WHAT THIS TASK INVOLVES:
The answer is a stretch of the material below, returned exactly: the line containing "十字立体图表 十字 医学标志 医疗图表 图表 图表设计 生活百科 矢量素材 白色", the line containing "pretzel bread aka", and all lines between.

SOURCE MATERIAL:
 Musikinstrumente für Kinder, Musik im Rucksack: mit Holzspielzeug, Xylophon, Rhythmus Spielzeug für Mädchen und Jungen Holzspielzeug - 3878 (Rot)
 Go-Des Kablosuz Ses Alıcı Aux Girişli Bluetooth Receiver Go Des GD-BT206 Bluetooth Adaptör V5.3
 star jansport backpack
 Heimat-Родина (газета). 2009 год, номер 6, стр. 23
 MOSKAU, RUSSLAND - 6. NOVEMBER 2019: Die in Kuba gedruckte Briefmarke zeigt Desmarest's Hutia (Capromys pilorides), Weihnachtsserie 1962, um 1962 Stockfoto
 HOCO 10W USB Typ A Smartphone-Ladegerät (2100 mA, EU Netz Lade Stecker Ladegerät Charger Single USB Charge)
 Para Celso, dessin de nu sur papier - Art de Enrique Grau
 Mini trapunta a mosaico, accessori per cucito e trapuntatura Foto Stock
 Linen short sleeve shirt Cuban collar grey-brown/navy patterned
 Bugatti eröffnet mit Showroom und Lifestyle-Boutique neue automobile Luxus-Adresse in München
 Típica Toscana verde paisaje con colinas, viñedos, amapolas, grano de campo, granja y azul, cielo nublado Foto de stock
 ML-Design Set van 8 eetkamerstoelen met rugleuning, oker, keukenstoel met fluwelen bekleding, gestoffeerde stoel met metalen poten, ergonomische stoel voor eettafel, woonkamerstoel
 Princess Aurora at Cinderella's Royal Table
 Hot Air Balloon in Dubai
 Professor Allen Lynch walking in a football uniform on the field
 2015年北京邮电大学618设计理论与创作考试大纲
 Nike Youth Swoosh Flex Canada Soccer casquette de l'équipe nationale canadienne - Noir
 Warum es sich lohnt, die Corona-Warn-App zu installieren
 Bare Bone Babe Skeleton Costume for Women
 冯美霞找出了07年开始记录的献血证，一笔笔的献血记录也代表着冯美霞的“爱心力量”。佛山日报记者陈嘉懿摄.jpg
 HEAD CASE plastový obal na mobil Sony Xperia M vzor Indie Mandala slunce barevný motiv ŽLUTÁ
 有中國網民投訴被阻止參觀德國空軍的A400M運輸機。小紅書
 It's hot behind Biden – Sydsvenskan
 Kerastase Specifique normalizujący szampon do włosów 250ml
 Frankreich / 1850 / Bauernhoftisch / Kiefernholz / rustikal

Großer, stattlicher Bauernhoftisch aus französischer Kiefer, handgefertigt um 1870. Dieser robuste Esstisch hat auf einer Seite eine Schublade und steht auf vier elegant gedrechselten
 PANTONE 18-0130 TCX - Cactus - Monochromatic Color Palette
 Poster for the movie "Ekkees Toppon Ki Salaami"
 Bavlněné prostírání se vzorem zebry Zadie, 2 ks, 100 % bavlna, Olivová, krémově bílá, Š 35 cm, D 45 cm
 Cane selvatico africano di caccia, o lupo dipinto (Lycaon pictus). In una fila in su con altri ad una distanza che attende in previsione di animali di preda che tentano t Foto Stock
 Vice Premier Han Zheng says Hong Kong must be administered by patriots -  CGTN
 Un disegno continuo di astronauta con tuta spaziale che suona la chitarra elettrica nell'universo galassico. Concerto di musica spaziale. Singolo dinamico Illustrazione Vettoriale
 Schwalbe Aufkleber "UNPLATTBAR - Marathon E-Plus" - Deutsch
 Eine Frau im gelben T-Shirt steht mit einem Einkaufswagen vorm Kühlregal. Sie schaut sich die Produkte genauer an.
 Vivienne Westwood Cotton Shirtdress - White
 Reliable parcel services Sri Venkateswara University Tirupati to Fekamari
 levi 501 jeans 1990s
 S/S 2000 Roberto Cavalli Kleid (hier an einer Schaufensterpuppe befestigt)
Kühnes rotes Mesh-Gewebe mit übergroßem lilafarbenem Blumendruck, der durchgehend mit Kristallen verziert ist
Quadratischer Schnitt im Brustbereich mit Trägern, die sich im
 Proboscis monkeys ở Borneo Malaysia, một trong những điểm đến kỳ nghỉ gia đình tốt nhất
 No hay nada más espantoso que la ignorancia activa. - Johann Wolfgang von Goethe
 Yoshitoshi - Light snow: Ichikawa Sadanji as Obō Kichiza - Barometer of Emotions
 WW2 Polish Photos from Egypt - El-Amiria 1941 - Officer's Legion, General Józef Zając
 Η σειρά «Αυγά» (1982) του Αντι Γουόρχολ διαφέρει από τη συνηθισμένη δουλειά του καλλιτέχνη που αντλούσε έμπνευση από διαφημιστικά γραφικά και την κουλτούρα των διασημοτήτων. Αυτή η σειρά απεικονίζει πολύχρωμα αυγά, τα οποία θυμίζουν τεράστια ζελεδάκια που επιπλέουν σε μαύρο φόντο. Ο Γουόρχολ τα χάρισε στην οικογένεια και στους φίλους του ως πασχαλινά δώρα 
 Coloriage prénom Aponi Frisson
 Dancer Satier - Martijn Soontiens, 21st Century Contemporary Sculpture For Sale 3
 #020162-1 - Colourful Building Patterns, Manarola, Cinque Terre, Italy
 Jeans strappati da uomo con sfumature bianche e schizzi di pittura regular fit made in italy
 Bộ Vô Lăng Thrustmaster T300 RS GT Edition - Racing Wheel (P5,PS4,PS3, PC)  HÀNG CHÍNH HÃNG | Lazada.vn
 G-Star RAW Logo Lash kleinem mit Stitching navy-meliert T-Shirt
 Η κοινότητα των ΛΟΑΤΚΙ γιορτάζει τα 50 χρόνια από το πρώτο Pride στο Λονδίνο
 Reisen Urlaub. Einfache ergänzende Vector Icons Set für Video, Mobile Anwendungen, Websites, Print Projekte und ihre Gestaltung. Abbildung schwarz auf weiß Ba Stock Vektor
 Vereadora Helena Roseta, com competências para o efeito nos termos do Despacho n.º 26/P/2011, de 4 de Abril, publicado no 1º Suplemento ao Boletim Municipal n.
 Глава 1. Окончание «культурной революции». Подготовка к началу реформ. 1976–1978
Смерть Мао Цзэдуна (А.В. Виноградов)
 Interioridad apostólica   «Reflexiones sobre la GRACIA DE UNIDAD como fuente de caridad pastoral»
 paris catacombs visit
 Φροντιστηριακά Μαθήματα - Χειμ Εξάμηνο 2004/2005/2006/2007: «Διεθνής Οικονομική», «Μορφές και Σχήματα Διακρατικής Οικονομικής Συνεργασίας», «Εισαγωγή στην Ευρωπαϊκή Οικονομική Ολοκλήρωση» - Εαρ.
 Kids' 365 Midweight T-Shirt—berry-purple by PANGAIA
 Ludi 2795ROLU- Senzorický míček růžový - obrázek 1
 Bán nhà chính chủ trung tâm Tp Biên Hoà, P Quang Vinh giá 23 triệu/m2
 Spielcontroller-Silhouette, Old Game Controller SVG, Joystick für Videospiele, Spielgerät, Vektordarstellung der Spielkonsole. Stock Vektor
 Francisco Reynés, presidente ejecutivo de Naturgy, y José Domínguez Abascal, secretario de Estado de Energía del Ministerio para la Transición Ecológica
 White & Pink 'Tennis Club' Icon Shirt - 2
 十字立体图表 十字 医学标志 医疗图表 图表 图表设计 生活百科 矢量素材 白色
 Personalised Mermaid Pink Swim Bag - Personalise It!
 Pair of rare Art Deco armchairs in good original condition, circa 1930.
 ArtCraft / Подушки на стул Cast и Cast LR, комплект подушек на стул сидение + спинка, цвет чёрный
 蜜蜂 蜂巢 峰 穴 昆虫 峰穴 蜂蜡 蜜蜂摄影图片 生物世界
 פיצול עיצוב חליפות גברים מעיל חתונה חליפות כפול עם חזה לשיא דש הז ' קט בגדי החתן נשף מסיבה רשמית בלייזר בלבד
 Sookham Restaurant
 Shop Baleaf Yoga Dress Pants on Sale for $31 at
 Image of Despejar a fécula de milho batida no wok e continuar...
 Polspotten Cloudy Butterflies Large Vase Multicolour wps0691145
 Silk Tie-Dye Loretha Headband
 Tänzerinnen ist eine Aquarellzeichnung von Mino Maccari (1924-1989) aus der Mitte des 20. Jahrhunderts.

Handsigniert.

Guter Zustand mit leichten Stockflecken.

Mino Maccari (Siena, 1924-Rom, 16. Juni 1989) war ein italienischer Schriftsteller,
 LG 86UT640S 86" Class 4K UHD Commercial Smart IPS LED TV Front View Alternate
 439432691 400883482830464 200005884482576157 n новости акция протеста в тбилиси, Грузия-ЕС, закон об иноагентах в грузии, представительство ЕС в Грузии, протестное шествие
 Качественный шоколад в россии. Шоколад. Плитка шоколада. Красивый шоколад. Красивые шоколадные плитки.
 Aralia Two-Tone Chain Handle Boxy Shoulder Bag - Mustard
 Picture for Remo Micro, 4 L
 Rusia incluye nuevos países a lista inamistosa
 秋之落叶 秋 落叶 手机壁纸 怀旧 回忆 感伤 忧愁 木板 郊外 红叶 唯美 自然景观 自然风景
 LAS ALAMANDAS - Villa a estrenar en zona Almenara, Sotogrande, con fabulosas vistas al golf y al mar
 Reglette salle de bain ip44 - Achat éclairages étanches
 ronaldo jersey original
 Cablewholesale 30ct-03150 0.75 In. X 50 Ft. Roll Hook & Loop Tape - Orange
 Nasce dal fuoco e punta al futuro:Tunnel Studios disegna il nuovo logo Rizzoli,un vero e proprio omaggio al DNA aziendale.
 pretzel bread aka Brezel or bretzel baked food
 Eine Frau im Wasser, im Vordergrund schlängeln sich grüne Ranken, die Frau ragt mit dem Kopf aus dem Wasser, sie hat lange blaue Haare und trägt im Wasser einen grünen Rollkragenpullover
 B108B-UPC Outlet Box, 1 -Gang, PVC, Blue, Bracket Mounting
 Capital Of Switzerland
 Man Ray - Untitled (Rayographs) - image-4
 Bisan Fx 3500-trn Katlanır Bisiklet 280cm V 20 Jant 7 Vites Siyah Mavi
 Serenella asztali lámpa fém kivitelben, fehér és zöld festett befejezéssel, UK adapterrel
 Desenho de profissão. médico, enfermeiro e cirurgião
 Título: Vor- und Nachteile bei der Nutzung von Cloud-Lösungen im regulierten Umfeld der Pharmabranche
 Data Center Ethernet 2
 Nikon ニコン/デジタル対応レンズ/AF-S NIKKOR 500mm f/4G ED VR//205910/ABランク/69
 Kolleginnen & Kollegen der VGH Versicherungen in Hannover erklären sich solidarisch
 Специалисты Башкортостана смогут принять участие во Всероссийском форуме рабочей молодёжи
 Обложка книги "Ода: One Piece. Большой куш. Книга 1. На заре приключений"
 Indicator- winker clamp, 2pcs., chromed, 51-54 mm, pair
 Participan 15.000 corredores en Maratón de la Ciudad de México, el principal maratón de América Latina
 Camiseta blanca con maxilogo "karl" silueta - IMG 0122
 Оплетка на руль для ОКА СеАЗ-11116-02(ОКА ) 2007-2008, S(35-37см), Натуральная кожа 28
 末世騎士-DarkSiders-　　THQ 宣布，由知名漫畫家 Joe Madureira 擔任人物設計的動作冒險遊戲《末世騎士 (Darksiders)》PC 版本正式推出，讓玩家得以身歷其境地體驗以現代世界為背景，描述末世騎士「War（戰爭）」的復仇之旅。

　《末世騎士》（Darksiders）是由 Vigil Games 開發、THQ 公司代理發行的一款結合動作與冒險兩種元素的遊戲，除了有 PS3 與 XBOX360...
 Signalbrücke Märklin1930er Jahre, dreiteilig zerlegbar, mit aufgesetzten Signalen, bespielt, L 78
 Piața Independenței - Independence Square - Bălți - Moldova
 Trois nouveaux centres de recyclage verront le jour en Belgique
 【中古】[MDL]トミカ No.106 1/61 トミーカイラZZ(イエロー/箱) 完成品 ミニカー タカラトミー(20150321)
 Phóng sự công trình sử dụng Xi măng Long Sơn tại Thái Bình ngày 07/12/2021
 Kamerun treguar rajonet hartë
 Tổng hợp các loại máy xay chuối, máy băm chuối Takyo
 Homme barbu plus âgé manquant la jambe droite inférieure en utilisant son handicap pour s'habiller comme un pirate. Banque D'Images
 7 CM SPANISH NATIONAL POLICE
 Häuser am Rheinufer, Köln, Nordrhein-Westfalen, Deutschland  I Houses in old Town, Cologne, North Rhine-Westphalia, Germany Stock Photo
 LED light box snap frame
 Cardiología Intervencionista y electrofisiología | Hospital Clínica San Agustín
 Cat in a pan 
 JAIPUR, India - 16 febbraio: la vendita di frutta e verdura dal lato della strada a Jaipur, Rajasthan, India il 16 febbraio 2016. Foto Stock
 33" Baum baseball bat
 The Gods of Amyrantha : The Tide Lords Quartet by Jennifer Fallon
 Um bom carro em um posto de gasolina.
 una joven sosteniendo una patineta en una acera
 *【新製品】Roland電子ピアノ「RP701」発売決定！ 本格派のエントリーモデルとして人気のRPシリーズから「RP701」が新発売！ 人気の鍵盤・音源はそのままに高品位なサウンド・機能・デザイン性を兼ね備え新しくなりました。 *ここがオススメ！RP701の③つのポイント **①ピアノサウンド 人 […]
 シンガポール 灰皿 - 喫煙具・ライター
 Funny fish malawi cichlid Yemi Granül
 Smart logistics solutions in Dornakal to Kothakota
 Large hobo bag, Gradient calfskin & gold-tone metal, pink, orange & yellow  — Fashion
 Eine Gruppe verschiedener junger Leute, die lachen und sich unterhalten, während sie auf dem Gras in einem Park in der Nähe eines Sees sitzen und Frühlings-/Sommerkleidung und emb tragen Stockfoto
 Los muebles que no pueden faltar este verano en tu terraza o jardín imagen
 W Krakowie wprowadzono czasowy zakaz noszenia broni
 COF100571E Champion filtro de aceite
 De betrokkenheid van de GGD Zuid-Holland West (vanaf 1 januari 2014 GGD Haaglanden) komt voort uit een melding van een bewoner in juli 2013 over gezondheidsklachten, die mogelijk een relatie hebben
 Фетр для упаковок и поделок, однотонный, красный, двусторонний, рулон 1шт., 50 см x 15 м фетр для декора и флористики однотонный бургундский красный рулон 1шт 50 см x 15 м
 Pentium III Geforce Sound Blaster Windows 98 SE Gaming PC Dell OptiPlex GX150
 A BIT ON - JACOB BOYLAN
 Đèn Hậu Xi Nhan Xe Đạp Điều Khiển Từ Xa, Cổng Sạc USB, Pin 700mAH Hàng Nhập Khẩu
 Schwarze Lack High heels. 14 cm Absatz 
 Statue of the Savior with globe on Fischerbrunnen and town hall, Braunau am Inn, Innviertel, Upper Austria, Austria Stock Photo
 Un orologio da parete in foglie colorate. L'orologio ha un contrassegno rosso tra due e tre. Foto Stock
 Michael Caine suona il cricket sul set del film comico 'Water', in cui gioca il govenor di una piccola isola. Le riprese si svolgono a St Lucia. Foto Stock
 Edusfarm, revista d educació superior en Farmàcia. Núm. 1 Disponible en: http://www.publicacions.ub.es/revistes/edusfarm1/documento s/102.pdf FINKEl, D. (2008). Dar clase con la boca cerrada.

TASK RESPONSE:
 十字立体图表 十字 医学标志 医疗图表 图表 图表设计 生活百科 矢量素材 白色
 Personalised Mermaid Pink Swim Bag - Personalise It!
 Pair of rare Art Deco armchairs in good original condition, circa 1930.
 ArtCraft / Подушки на стул Cast и Cast LR, комплект подушек на стул сидение + спинка, цвет чёрный
 蜜蜂 蜂巢 峰 穴 昆虫 峰穴 蜂蜡 蜜蜂摄影图片 生物世界
 פיצול עיצוב חליפות גברים מעיל חתונה חליפות כפול עם חזה לשיא דש הז ' קט בגדי החתן נשף מסיבה רשמית בלייזר בלבד
 Sookham Restaurant
 Shop Baleaf Yoga Dress Pants on Sale for $31 at
 Image of Despejar a fécula de milho batida no wok e continuar...
 Polspotten Cloudy Butterflies Large Vase Multicolour wps0691145
 Silk Tie-Dye Loretha Headband
 Tänzerinnen ist eine Aquarellzeichnung von Mino Maccari (1924-1989) aus der Mitte des 20. Jahrhunderts.

Handsigniert.

Guter Zustand mit leichten Stockflecken.

Mino Maccari (Siena, 1924-Rom, 16. Juni 1989) war ein italienischer Schriftsteller,
 LG 86UT640S 86" Class 4K UHD Commercial Smart IPS LED TV Front View Alternate
 439432691 400883482830464 200005884482576157 n новости акция протеста в тбилиси, Грузия-ЕС, закон об иноагентах в грузии, представительство ЕС в Грузии, протестное шествие
 Качественный шоколад в россии. Шоколад. Плитка шоколада. Красивый шоколад. Красивые шоколадные плитки.
 Aralia Two-Tone Chain Handle Boxy Shoulder Bag - Mustard
 Picture for Remo Micro, 4 L
 Rusia incluye nuevos países a lista inamistosa
 秋之落叶 秋 落叶 手机壁纸 怀旧 回忆 感伤 忧愁 木板 郊外 红叶 唯美 自然景观 自然风景
 LAS ALAMANDAS - Villa a estrenar en zona Almenara, Sotogrande, con fabulosas vistas al golf y al mar
 Reglette salle de bain ip44 - Achat éclairages étanches
 ronaldo jersey original
 Cablewholesale 30ct-03150 0.75 In. X 50 Ft. Roll Hook & Loop Tape - Orange
 Nasce dal fuoco e punta al futuro:Tunnel Studios disegna il nuovo logo Rizzoli,un vero e proprio omaggio al DNA aziendale.
 pretzel bread aka Brezel or bretzel baked food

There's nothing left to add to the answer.